The court held that a reasonable jury could conclude that UNUM acted unreasonably when it was informed that the evidence UNUM relied upon to deny the insured’s claim was wrong (i.e., the surveillance was of someone other than the insured).  The court further determined that there was no evidence that UNUM’s experts evaluated the evidence with an eye towards favoring the insured and in a manner which would indicate that she was indeed disabled as she and her doctors asserted.  The court relied upon the facts as viewed “in the light most favorable to Plaintiff” to determine that a jury could conclude that UNUM acted unreasonably, and thus in bad faith when it denied the insured’s claim.  The court therefore denied UNUM’s motion for summary judgment.
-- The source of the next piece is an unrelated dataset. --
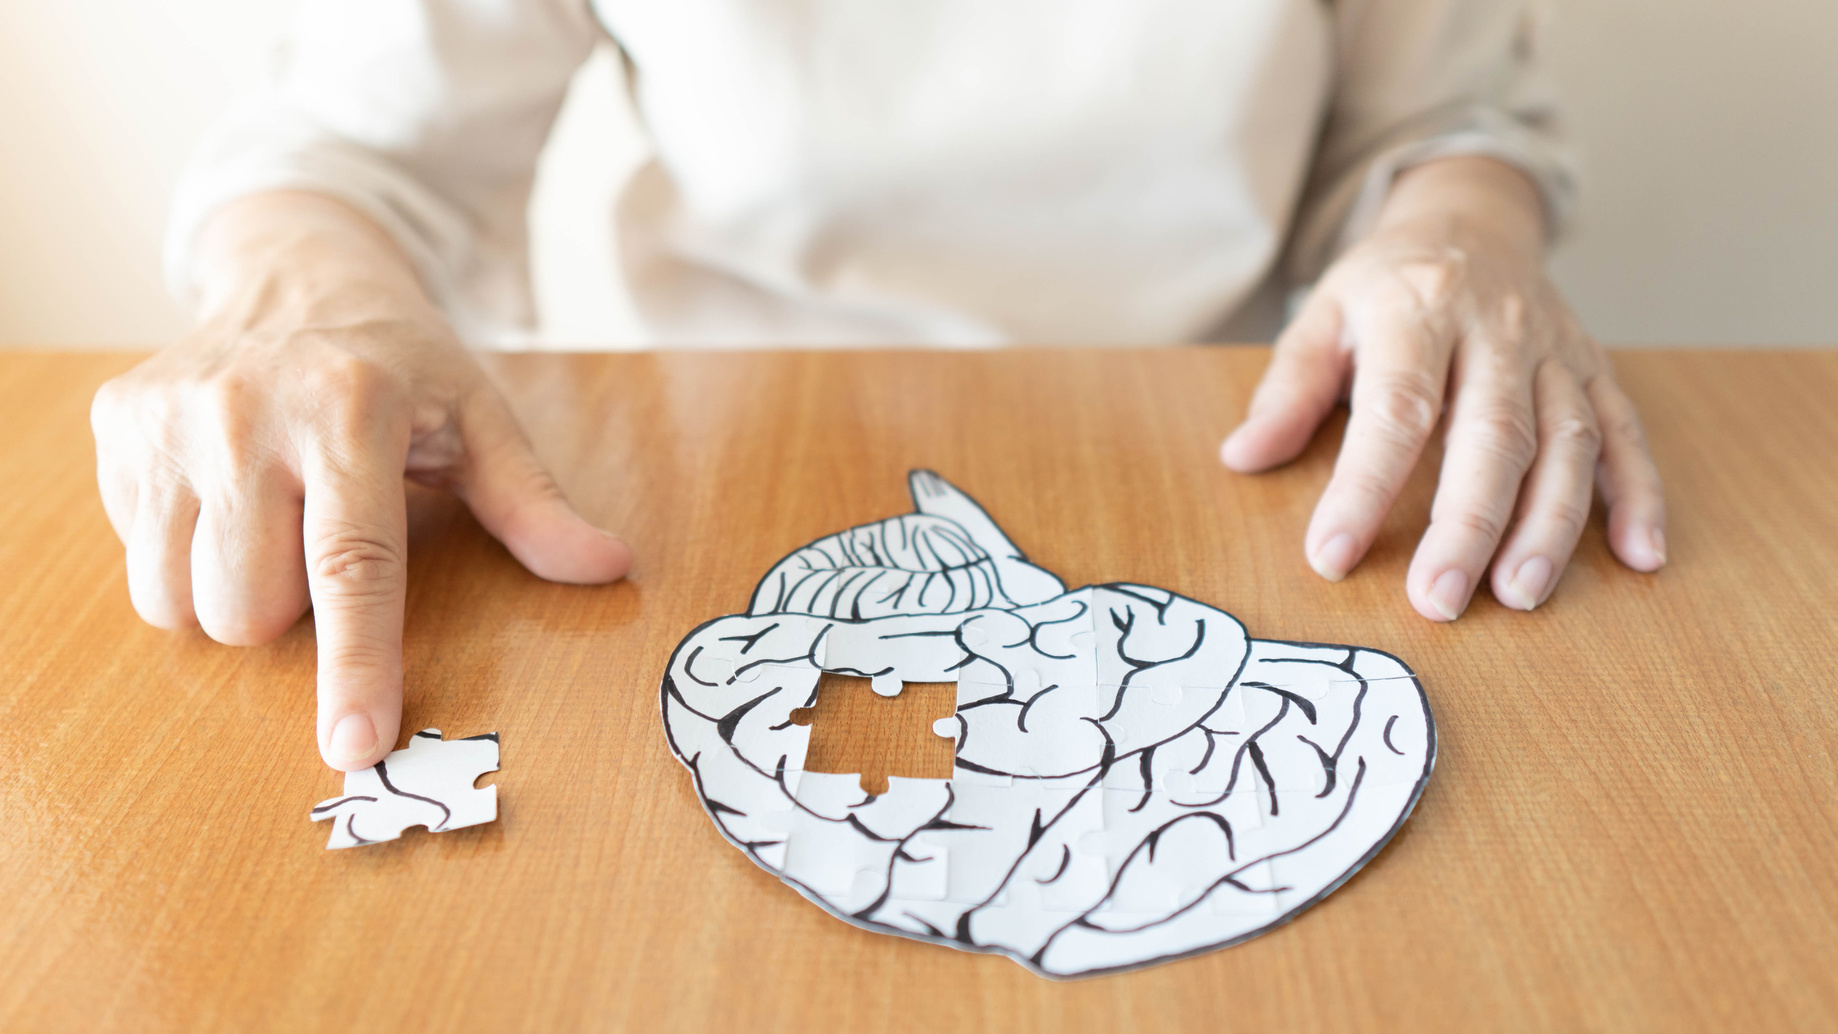 La maladie d'Alzheimer est une forme de démence qui pourrait toucher jusqu'à 152 millions de personnes selon l'OMS. © Orawan, Fotolia

The court also discussed UNUM’s initial erroneous determination that the claim was governed by ERISA, and held that it created evidence of insurer bias, which could also indicate and support a claim for bad faith. Hangarter v. Provident Life & Acc. Ins. Co., 373 F.3d 998, 1010 (9th Cir. 2004) (citing Chateau Chamberay Homeowners Ass’n v. Associated Int’l Ins. Co., 90 Cal. App. 4th 335, 348 (2001)).

The court placed a premium on UNUM’s apparent failure to reasonably and thoroughly investigate the insured’s claim.  In particular, the court found that UNUM’s failure to seek an independent medical examination of the insured supported her claim that UNUM acted unreasonably.  In so finding, the court discussed a line of cases which suggest that an insurer’s sole reliance on its own in-house experts, and its failure to obtain an independent medical examination, is clear evidence that an insurer has acted unreasonably.

Based on these findings, the court held that the insured’s claims for intentional infliction of emotional distress and for punitive damages were equally as viable based on UNUM’s potentially unreasonable conduct in evaluating the insured’s claim.

With this decision, the court made it very clear that an insurer cannot escape liability for bad faith by relying on its own in-house experts and ignoring evidence presented by an insured which, when viewed in favor of the insured, would indicate coverage should be afforded.  An insurer cannot create a “genuine dispute” as to coverage on which it can deny an insured’s claim simply by relying on its own in-house experts.  An insurer who does so, does so at its own peril, and opens itself up to claims for bad faith and punitive damages.